Dar kalıp: Ahlakla her iş çözülür
Ne kadar bilgi, hangi konuda bilgi, bilginin boyutları, ... bütün bunlar zamana, şartlara, toplumun ya da kurumların ihtiyaç duyduğu şeylere bağlıdır. Bu yüzden bilgi mutlaka gereklidir. Sorunların çözülmesinde olmazsa olmazların başındadır. Ama nitelik ve nicelikleri daima görecelidir.
Ahlak ve birlik hem
din âlimleri hem din görevlileri, siyasetçiler hem
de konuyla ilgisi olsun olmasın her insan tarafından değerlendirilmiş bir
unsurdur.
Fatih Sultan Mehmet
Han’a göre kendini düşündüğü kadar, başkalarını da düşünme birlik ve başarı
için yeterli ahlak seviyesi olarak değerlendirilmiştir.
Konstantinapol’ü
fethinden önce halk arasında dolaşırken bir esnaftan üç parça erzak istemiş.
Birini veren esnaf, “şimdi ben siftah yaptım, sıra yan komşumda, diğerlerini
de ondan alıver” diye Fatih’i bir başka dükkâna yönlendirmiş. Orada da aynı
tepkiyle karşılaşmış, siftahını yapan esnaf üçüncü bir esnafa göndermiş, “o
arkadaşım da siftahını yapsın” demiş.
Kültürümüzde
diğerkâmlık olarak geçen bu ahlaki değeri, Fatih Sultan Mehmet Han güçlü bir
birlik unsuru olarak değerlendirmiş, “arkamda böyle sağlam bir birlik olduğu
sürece her şeyi başarırım” diyebilmiştir.
Afrika’dan köle
ticaretinin başlamasının hemen arifesinde bir Müslüman kabile reisinin gençlere
verdiği ahlak dersinden çok etkilenmiştim.
Coğrafyanın
etkisinden olsa gerek kabile reisini dinleyenlerin üzerlerinde kıyafet
denilebilecek pek bir şey yoktu. Üstünü başını değil, karnını değil, kalbini
zengin etmeyi hedefledikleri besbelliydi.
Kendilerine göre iyi
bir ahlaki eğitim almış gençlerin birçoğu, köle avcıları tarafından yakalanıp,
başta Kuzey Amerika olmak üzere pek çok yere götürüldü.
Köle olarak
satıldılar. Kızların hem emeklerinden hem de etlerinden faydalandılar. Sağlıklı
olanlarını çiftleştirip yeni doğan çocuklarını yüksek fiyatlara sattılar.

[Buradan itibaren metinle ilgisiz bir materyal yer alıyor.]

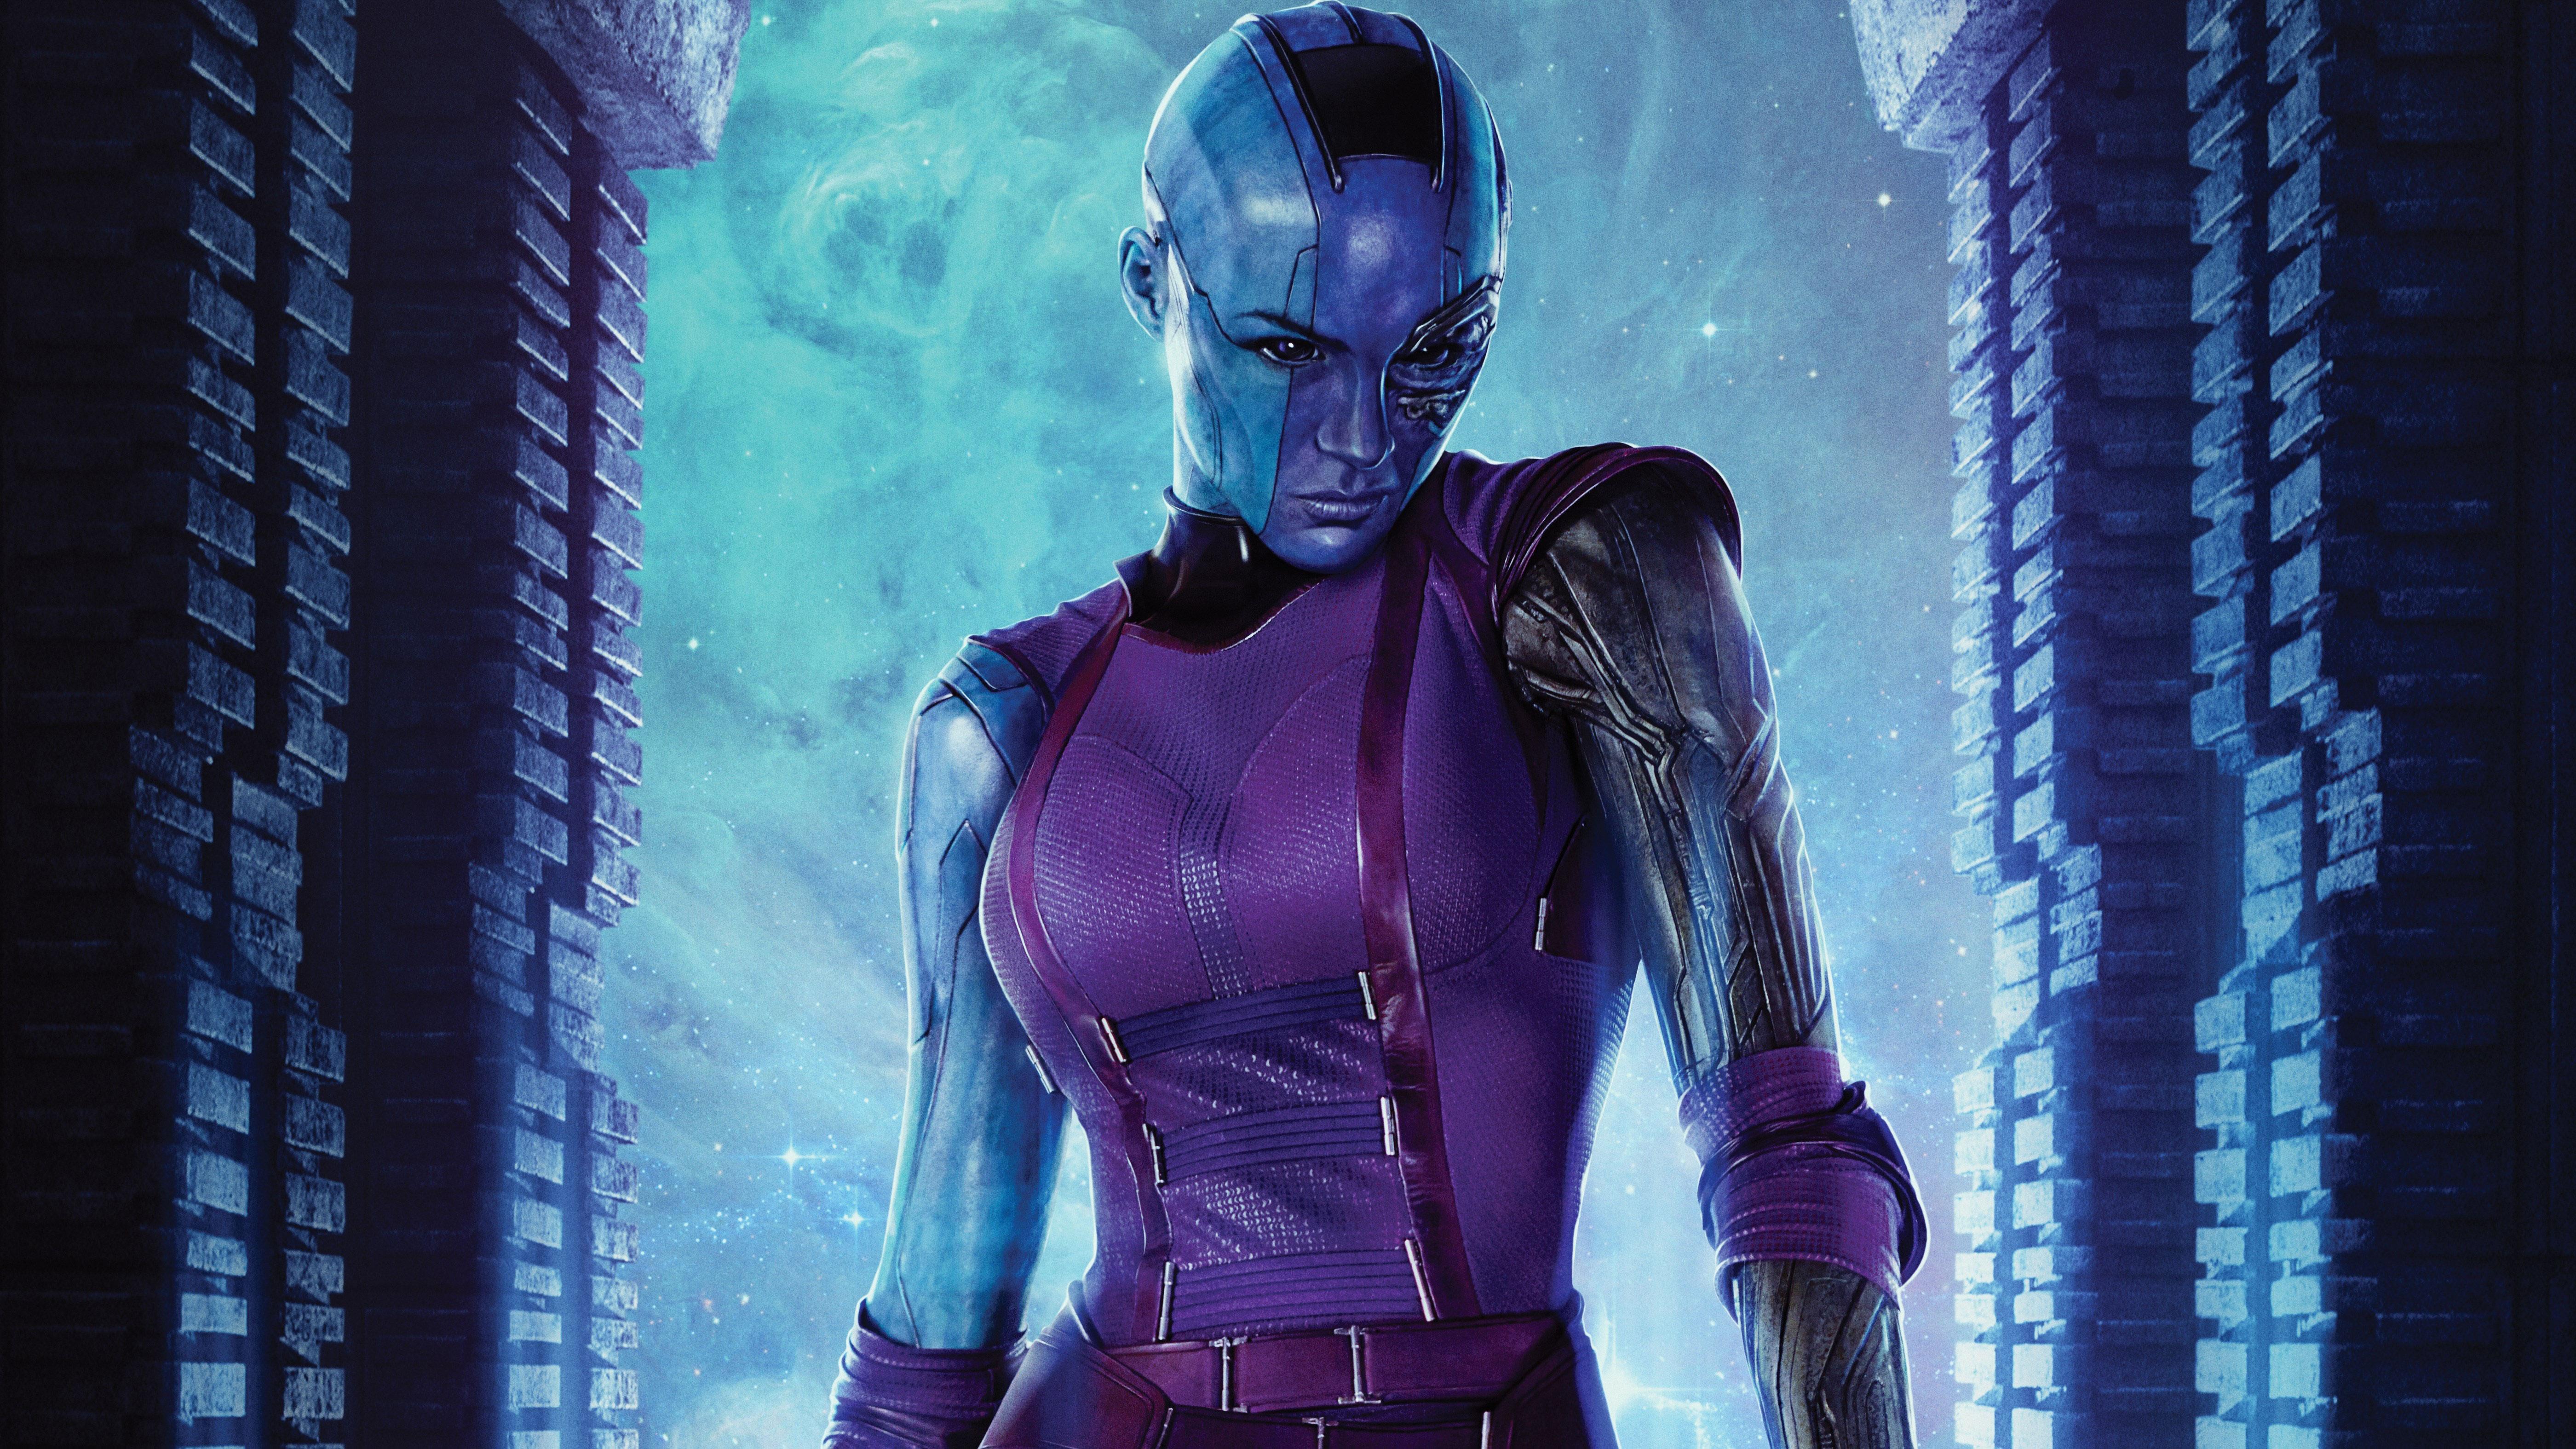 Nebula Guardians Of The Galaxy Vol 2 HD 4K Wallpaper
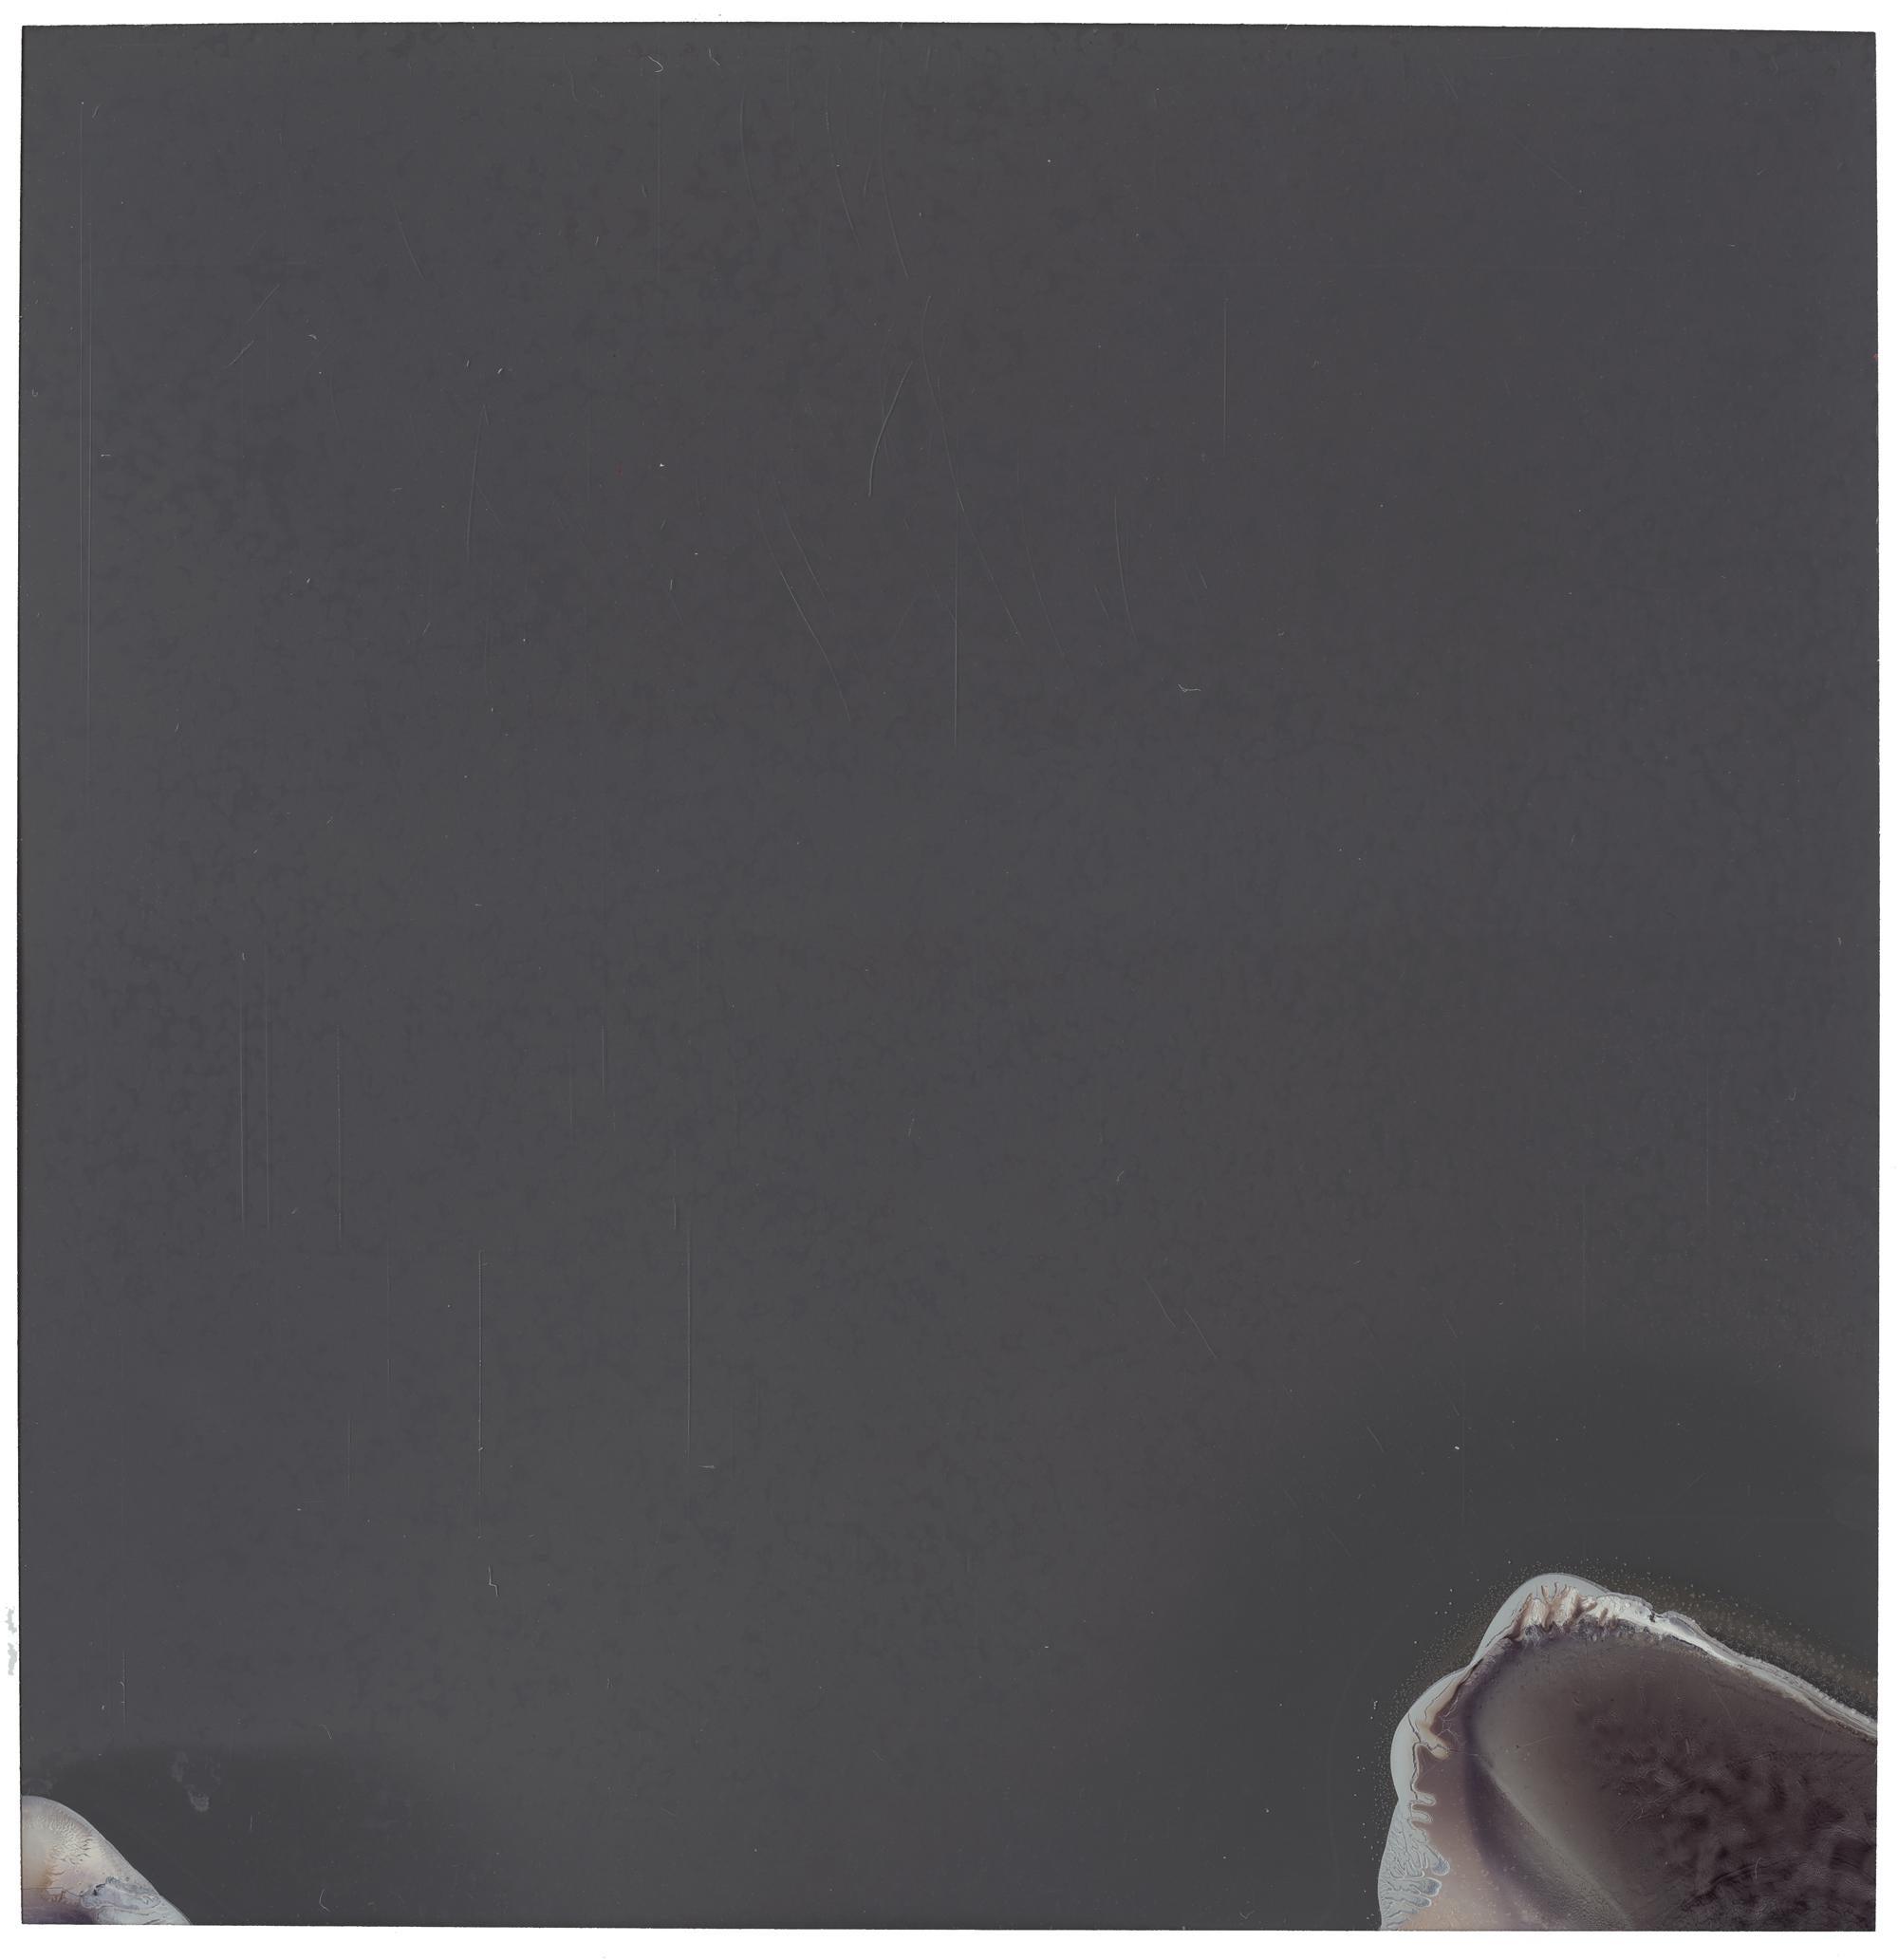 Eternity (Deconstructivism) - Contemporary, Expired Polaroid

Karıyı kocadan, çocuğu anadan ayırıp ayrı ayrı sattılar.
İnsaf sahibi bir
insan, kölelik tarihini okursa, insanların nasıl yeryüzünün en acımasız, en
kahredici varlıkları olduğunu anlarlar.
Fatih’in çok işine
yarayan ahlak, Afrikalı gençlerin hiçbir işine yaramamış gözüküyor. Onlar,
köleleştirilerek sadece ahlaklarını kaybetmediler. İnsana ait ne değerleri
varsa hepsini birden kaybettiler.
Elbette bu örnekleri
vermemizin sebebi, “ahlakla her iş çözülür”
dar kalıbından bakanlara bir cevap vermek içindir.
Demek ki ahlak, tek
başına yeterli değilmiş.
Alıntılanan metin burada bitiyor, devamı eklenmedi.